First number (in this example, 10)

-------------- (divided by)

1 - rate [in this example, (1 - .5)]

 

so our problem would be

 

10 divided by (1 - .5)

 

Do we get an error? Do we get an infinite number that goes on forever? Actually, no. If we were to take our example of 10 (10), then adding 5 (15), then adding 2.5 (17.5), and so on to infinity, we would eventually have a total sum of 20. Crazy, eh?

 

What does this prove? At some point, a decimal number going on into infinity and the difference between it and another number much like it becomes so immeasurable that there is no difference, at all and it equals each other.
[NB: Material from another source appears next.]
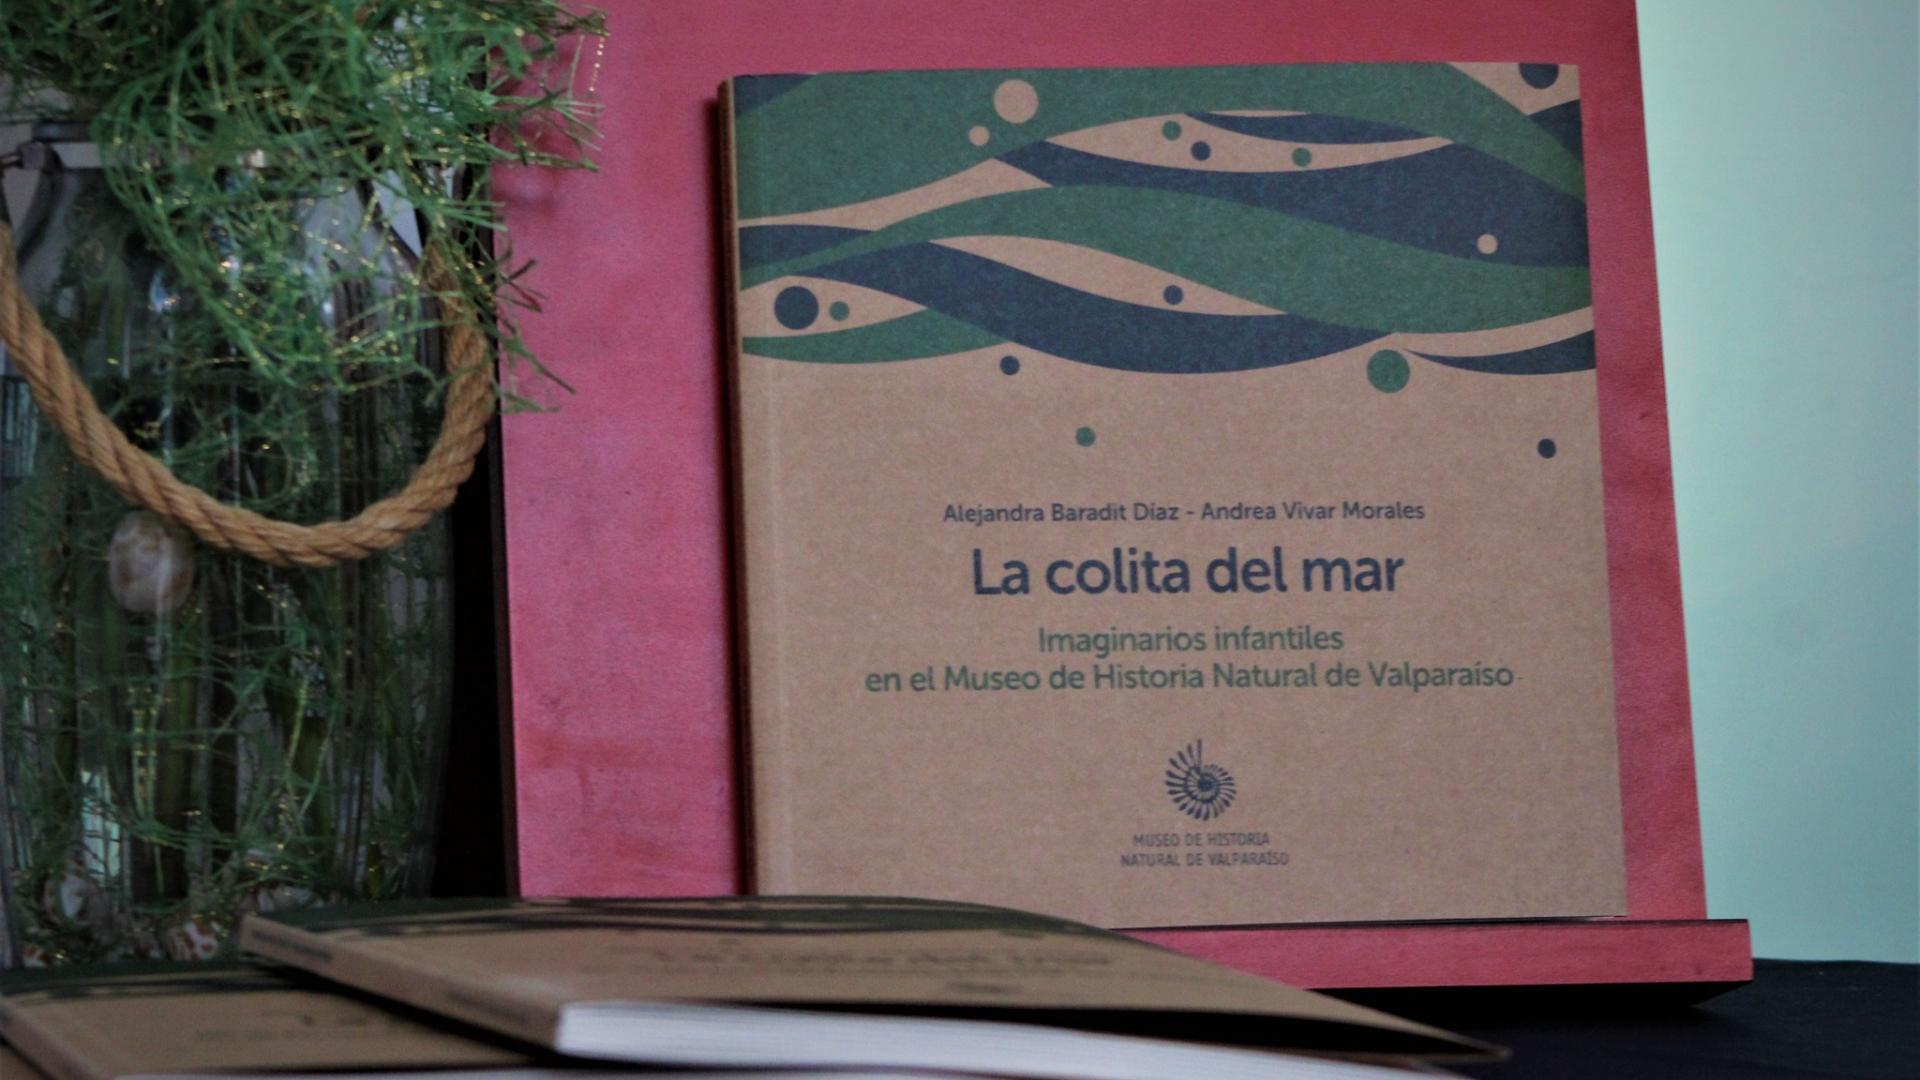 El libro, "La colita del mar, imaginarios infantiles en el Museo de Historia Natural de Valparaíso", fue presentado por parte del equipo del MHNV en el Seminario "Museo Arte e Infancia"

Despite there always being a halfway point the ball breaches, for the halfway point eventually is SO small that the halfway point ceases to exist and the ball reaches its destination.

 

So yes, .9 may not = 1. .9999999 may not = 1. But eventually .99999999999999999... to infinity becomes so small it breaches the immeasurable point and it equals 1. If it didn't, then no object in time or space would be able to ever reach its destination.

[Alexrd]

That's a paradox.

 

P.S: 0.999...

[Boba Rhett]

Yo dawg, I heard you liked rational numbers so we put all of the rational numbers contained within 1 inside of .999 repeating so you can have them contain the same set of rational numbers and therefor equal each other.

[Pho3nix]

I got dizzy

[Lady Jedi]

Yeah, I stopped reading after the baseball got where it was going. But seriously just round .9999999........ and it's totally 1. 0_o

[Boba Rhett]

Saw this and thought of this thread.

[mimartin]

I'd rather have a whole beer than .99999999... of a beer. Even if they are the same.

[Darth Avlectus]

By simply rounding up to the nearest whole number maybe? We're essentially talking about that theory that you could keep dividing by half and either add it ant never reach 1 or subtract it and never reach zero.

 

There's a point at which the numbers are so infinitesimally small it isn't even negligible anymore to count, it just might as well be nothing in a practical sense relative to the scale you started. +1/2, +1/4, +1/8, +1/16, +1/32, +1/64... Percents of percents, I mean, we're splitting hairs here and doing all this math...for what? You could keep scaling down in theory but if every point up or down is half the distance of the last, from last, that it was to the prior, its insignificance to the original scale grows accordingly.

 

Since it's practically nothing after a certain point you might as well say the addition/subtraction or just movement, has simply stopped. You could add another '9' to .99999999...... Most folks (and almost all calculators) would just simply round it out.

[90SK]

I was never one for mathematics. This concept is interesting, and seems accurate and sensible like most math, but I don't really see any practical applications apart from theoretical demonstrations.